Subsequently, the hair was cut into small fragments and incubated overnight in 1 ml of 0.1‐M HCl at 45°C. Finally, the incubation mixture was neutralized with equimolar amounts of NaOH and extracted by using a HyperSep Verify‐CX cartridge.
The SPE cartridges were initially activated by using 2‐ml methanol and then rinsed with 2 ml of 0.1‐M phosphate buffer solution at pH 6 before loading the sample. The columns were sequentially washed with 2‐ml deionized water, 3‐ml HCl 0.1 M, and 4‐ml methanol. The analytes were then eluted with 2 ml of dichloromethane/isopropanol (80:20, v/v) containing 2% ammonia solution. The eluate was then dried under a nitrogen stream and reconstituted in 200 μl of mobile phase. Finally, 5 μl of the solution were injected in the LC‐MS/MS system.
2.4. Instrument conditions
LC‐ESI‐QqQ MS analyses were performed on a model 1290 Infinity HPLC–6460 MS (Agilent, Milford, MA, USA) fitted with a Jetstream electrospray ionization source in positive acquisition mode. Separations were achieved by using model Eclipse Plus C18 (1.8 μm; 2,1 × 100 mm) column (Agilent) at 60°C. The injection volume was 5 μl. Mobile phase A consisted of 5‐mM aqueous ammonium formate and 0.01% formic acid in water and acetonitrile, whereas mobile phase B was composed of methanol/acetonitrile (90/10, v/v) containing 0.01% formic acid.
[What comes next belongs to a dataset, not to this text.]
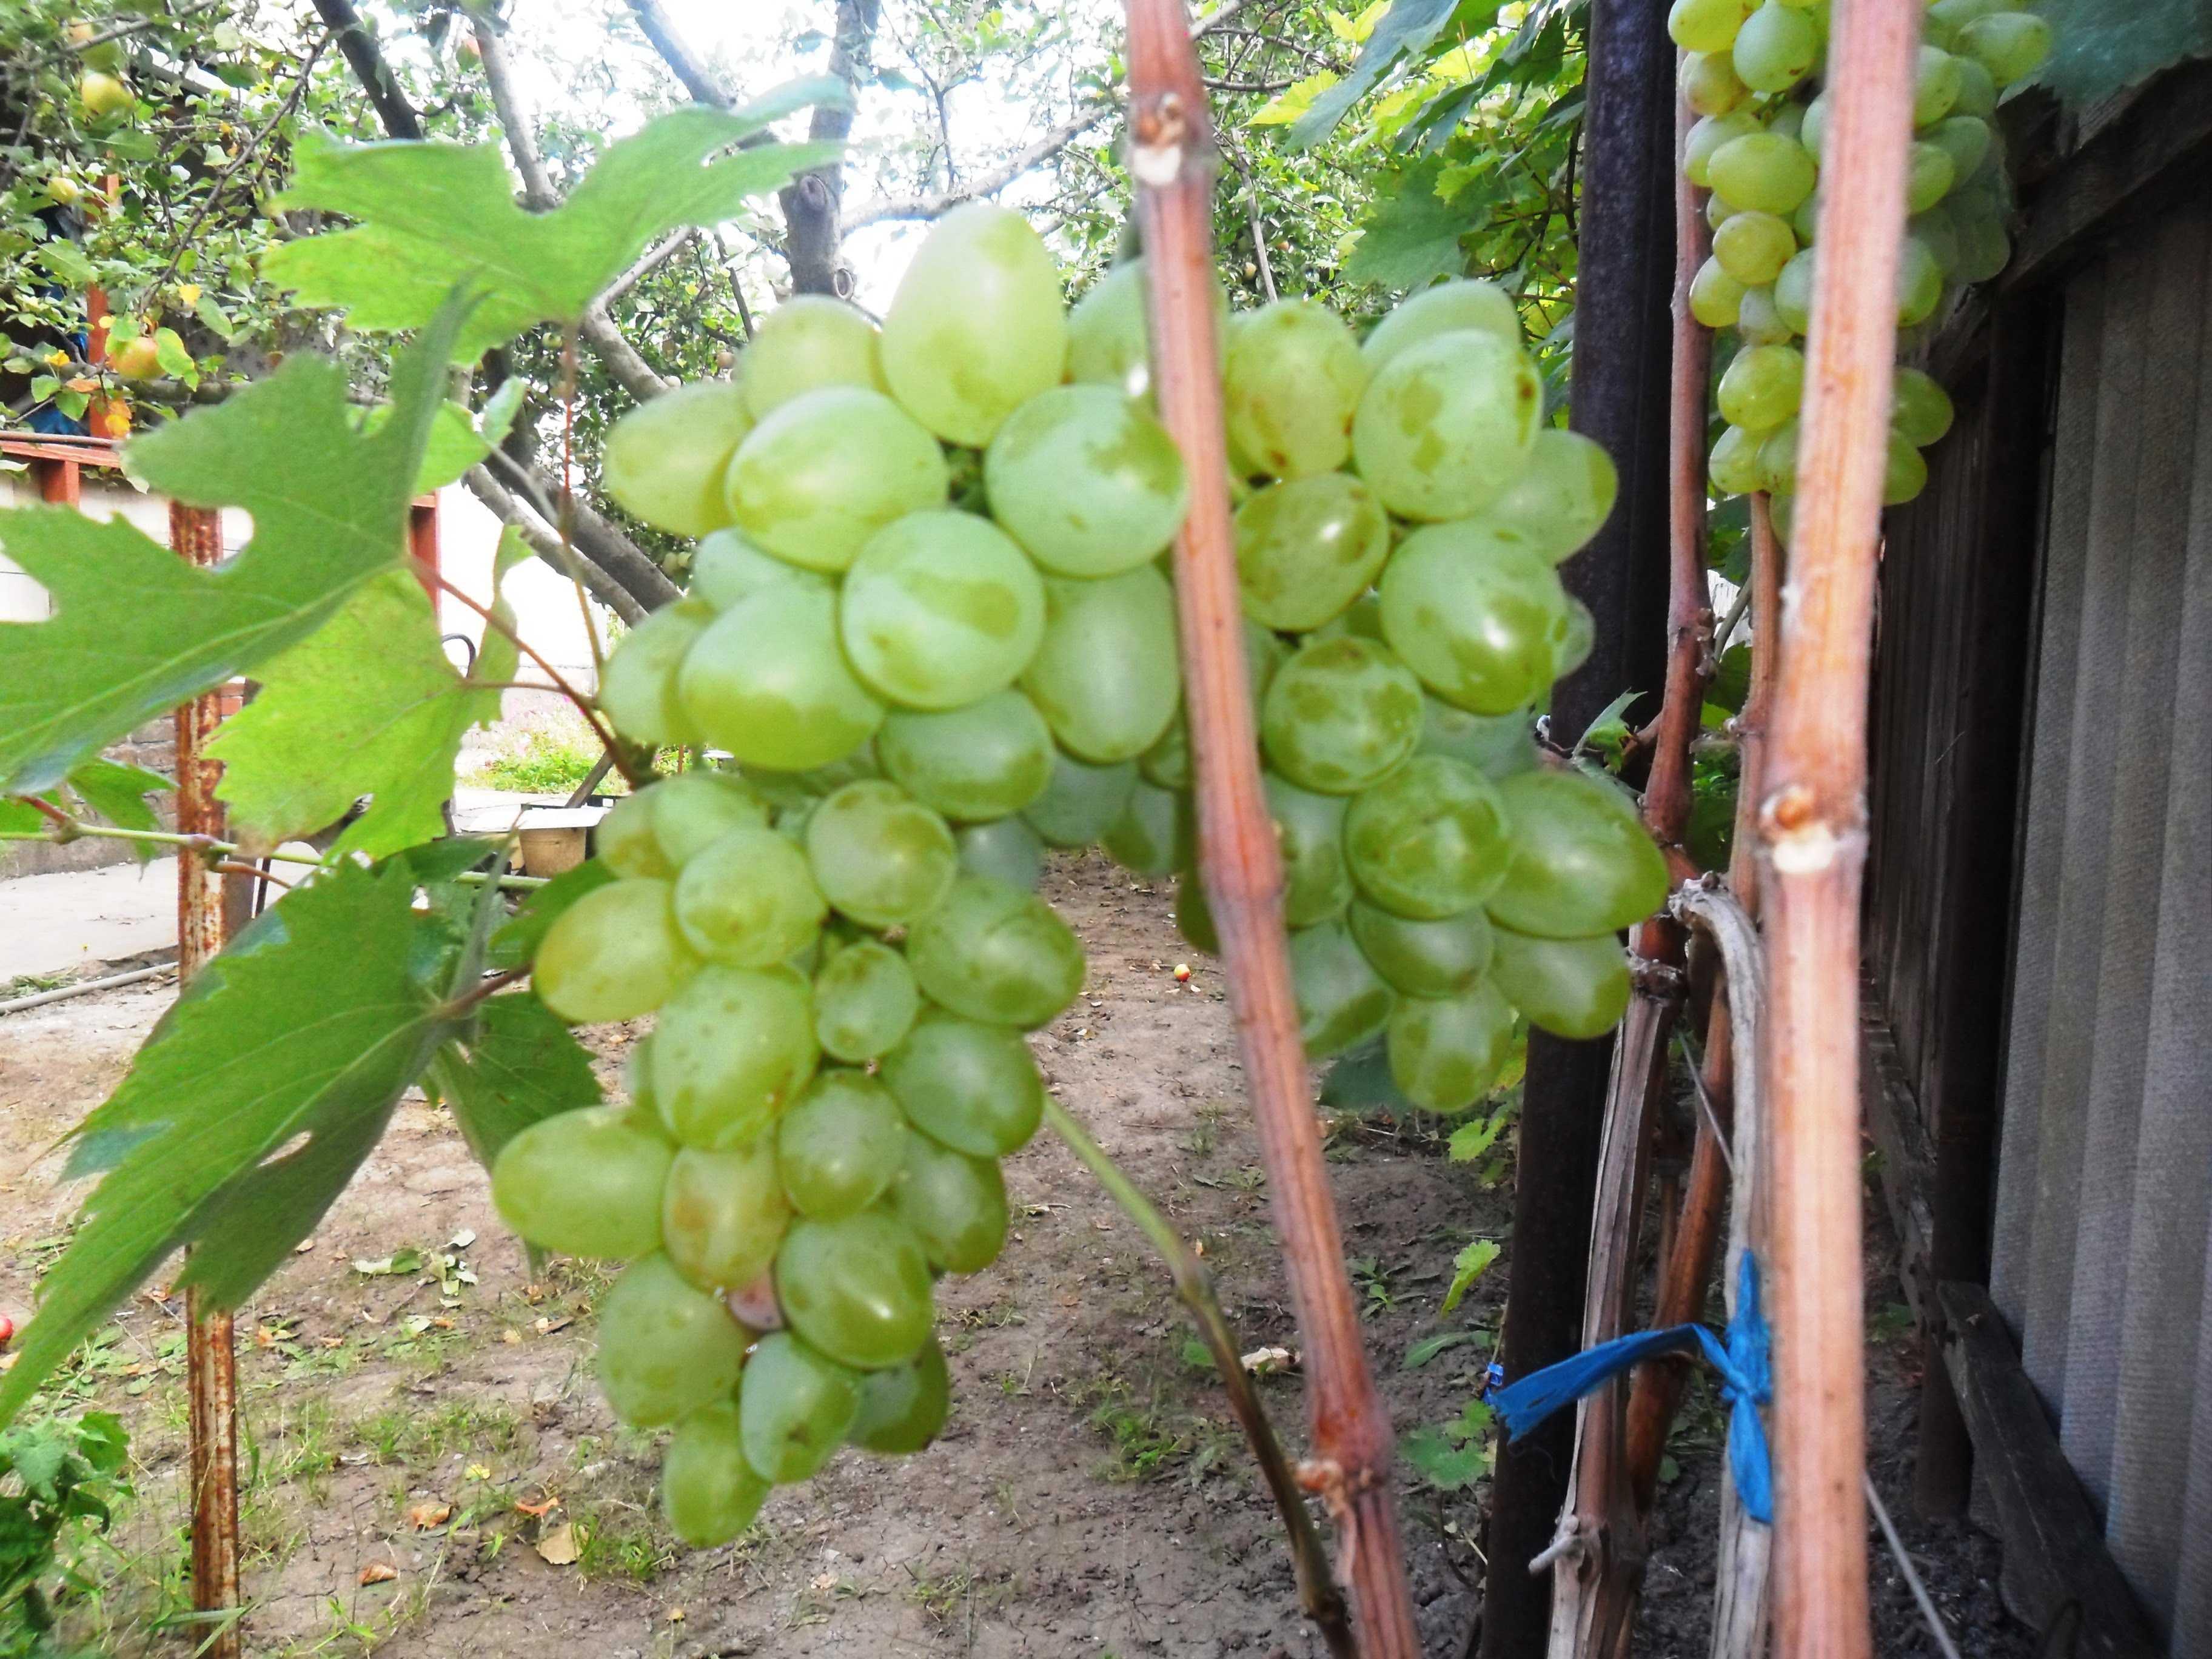 всему старому виноград кеша фото описание и характеристика товары имеют

The separation was carried out in gradient mode at a flow rate of 0.5 ml/min, with the following elution program: 0–1 min 5% B, 1–8.5 min linear gradient from 5 to 95% B; held for 2 min at 95% B, before re‐equilibration at 5% B.
The mass spectrometer was operated with a drying gas flow of 8 L/min, nebulizer pressure of 30 psi, drying gas temperature of 320°C, capillary voltage of 3,750 V.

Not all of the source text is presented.